I have gone through the documentation but it looks complicated. After reading few stackoverflow question i found that bins are used to set the time interval. Is my assumption correct.
Upvotes: 0
Views: 2602
Reputation: 184
To set the interval of 5 mins with max duration as 75 min, you would need 15 intervals. Hence your bin size will be 75/5.
you can write it either bins=int(75/5)
or as @om tripathi suggested as numpy.arange(0,75,5)
.
Also you need not filter the duration greater than 75 min in the data filtering stage. You can always set the range as range = range(0, 75)
in histogram to discard values greater than 75.

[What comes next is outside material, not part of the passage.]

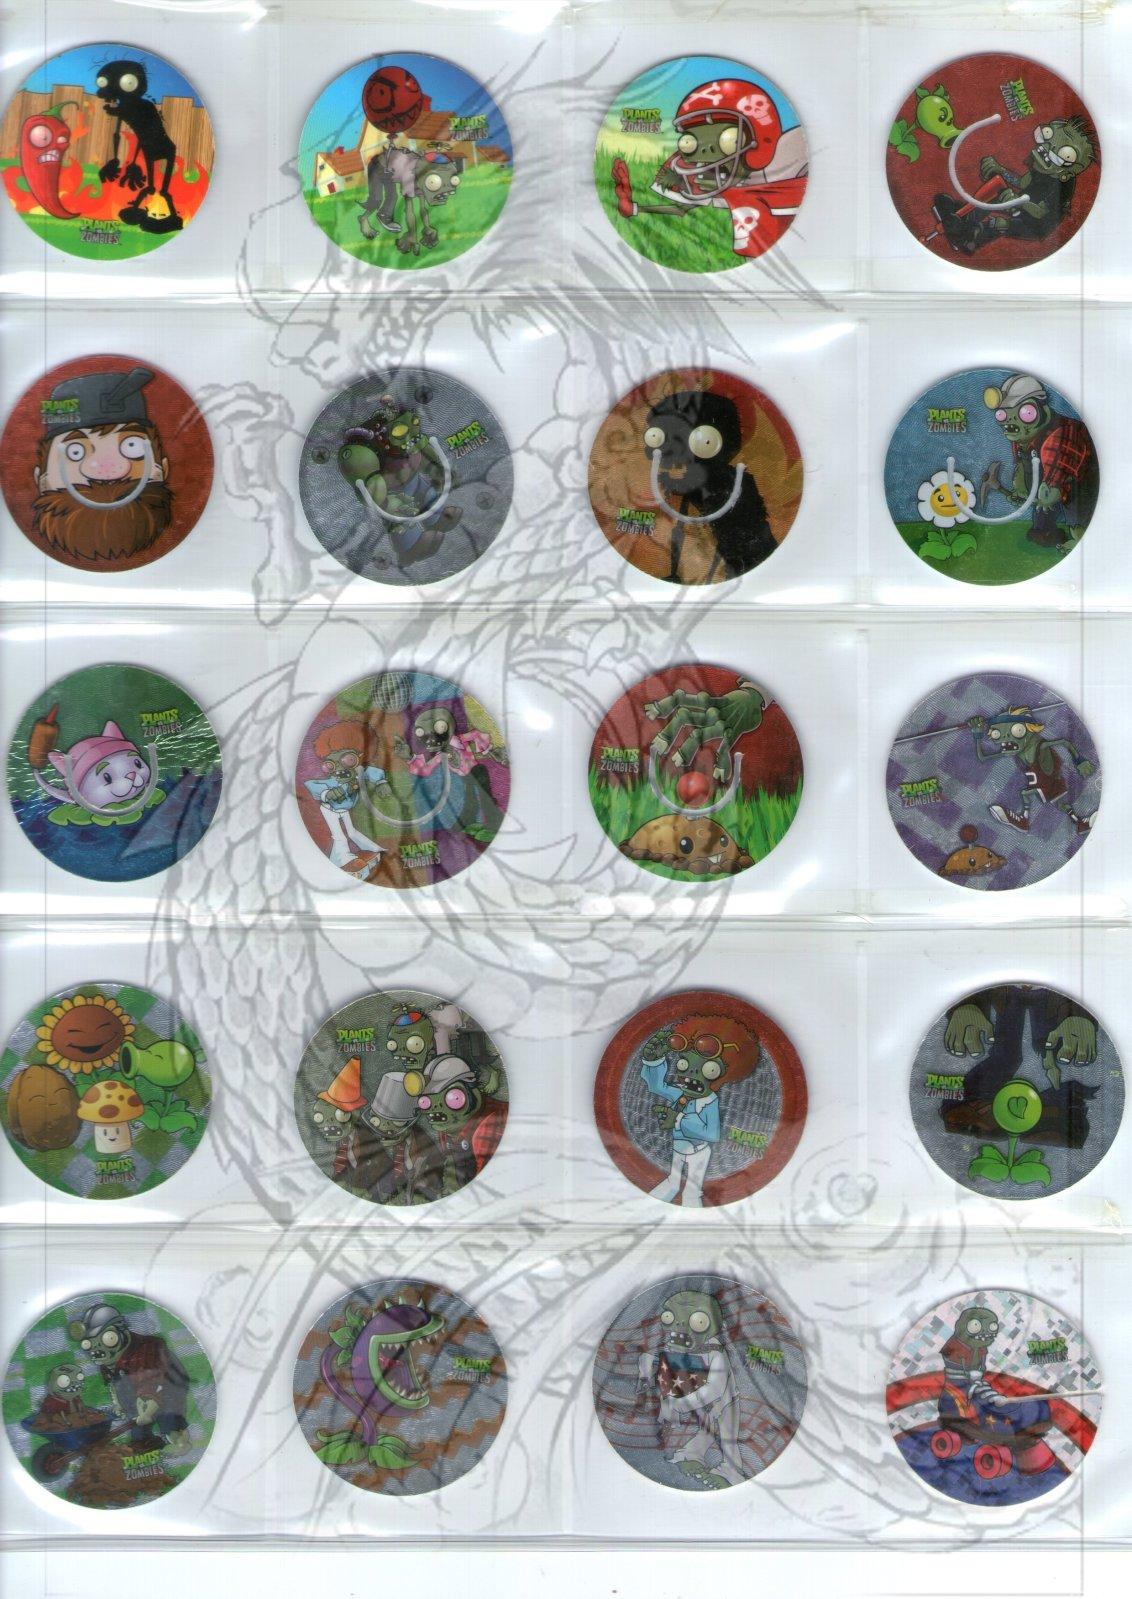 Tazos Plantas Vs Zombies de SABRITAS 2q15348

e.g. pyplot.hist(data, bins=numpy.arange(0,75,15) ,range=(0, 75))
Upvotes: 0
Reputation: 300
yes, your assumption is very much correct you can use bins parameter as a sequence. in your case, it will be like.
b = [ 0, 5, 10, 15, 20, 25, 30, 35, 40, 45, 50, 55, 60, 65, 70]
you can use numpy to genrate the above list.
bins = numpy.arange(0,75,5)
Also, you can use Subscriber and Customer data set in one go below is the function
def plot_duration_type(filename):
city = filename.split('-')[0].split('/')[-1]
with open(filename, 'r') as f_in:
reader = csv.DictReader(f_in)
subscriber_duration = []
customer_duration = []
for row in reader:
if float(row['duration']) < 75 and row['user_type'] == 'Subscriber':
subscriber_duration.append(float(row['duration']))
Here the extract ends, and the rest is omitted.